74. А. А. Плоткину
Ноябрь 1933 г. Вешенская.
Дорогой Андрей!
Был в Москве, был на юге, черт знает, где не был. Месяц назад вернулся, по вчерашнее число работал совместно с кинорежиссером над сценарием по «Под<нятой> целине»1 — вот причина моего глубокого молчания.
Твоим письмам сердечно рад и всячески приветствую то, что ты снова на заводе, да еще в красивейшем городе мира2. Плохо только то, что ты получил повышение в чинах и бросил слесарное дело. Ну, какой из тебя снабженец? Где это видано, чтобы евреи торговали или снабжали? Ты бы, сукин кот, хоть года два после председательствования в колхозе поработал бы физически! А то нарастишь себе пузо и уж тогда без пенсне тебе шагу нельзя будет ступнуть.

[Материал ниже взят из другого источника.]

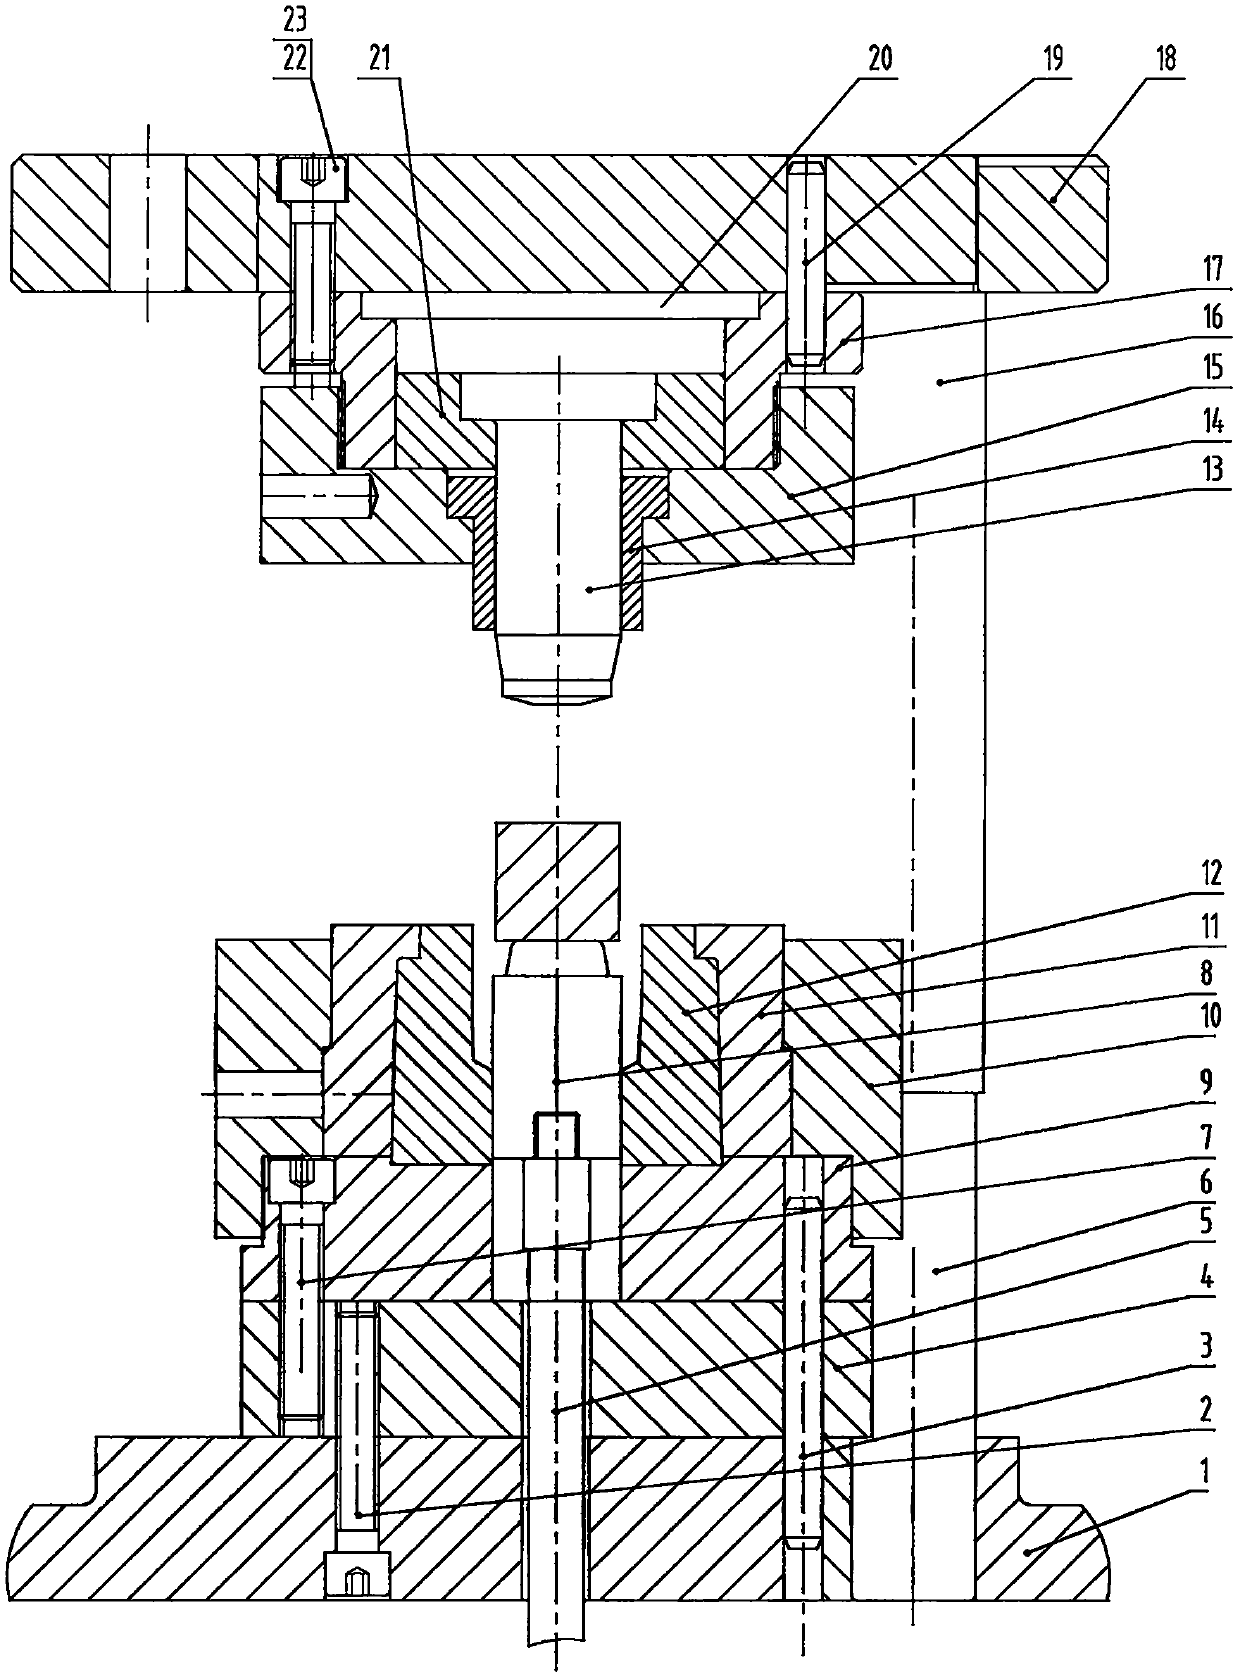 A Synchronous Extrusion Forming Method for "h" Shape Connectors Made of Steel with Different Wall Thickness

Дела в р-не текут и меняются: нынче плохо, завтра хорошо, послезавтра плохо, на следующий день опять хорошо. Все идет, как в сказке про белого бычка. Вертится этакое колесо, на одной половине надпись «хорошо», на другой — «плохо». Неизвестно, когда колесо остановится и на какой подписи. Словом, как в детском стишке:
«А может у чижа болит голова?
А может чижу в клетке тесно?»
И дальше насыщенный глубоким философским содержанием ответ:
«Никому ничего не известно».
Так и в Вешках: «Никому и ничего». В том числе и в твоей вотчине дела не нарядны. Зажиточная жизня не удалась в этом году. Я, признаться, сомневаюсь в том, что она придет в следующем. Но этак годика через три-четыре придет непременно. Верую!
У меня уж колхозники допытывались: «А что в этом году будут ломать саботаж или нет?» Я отвечал так: «Нет, не будут, Плоткину сейчас некогда. Он снабжает Украину, в том числе и Киев с окрестностями. А вот когда ему это дело надоест, — тогда он снова приедет сажать вас на горячую лежанку и разговаривать про саботаж».
сажать на горящий примус? Или просто на «вострый» кол?
Петро Козьмич наш накручивает. Немного опоздал он... молотят по району и сейчас. Зяби наворочали меньше, чем в прошлом году или столько же.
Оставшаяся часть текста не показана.